* **Source material**
--------------------------------------------------
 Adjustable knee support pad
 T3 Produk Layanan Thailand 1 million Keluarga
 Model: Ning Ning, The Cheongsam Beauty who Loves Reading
--------------------------------------------------
* **What is expected**
Give the data again, exactly.

* **Task output**
 Adjustable knee support pad
 T3 Produk Layanan Thailand 1 million Keluarga
 Model: Ning Ning, The Cheongsam Beauty who Loves Reading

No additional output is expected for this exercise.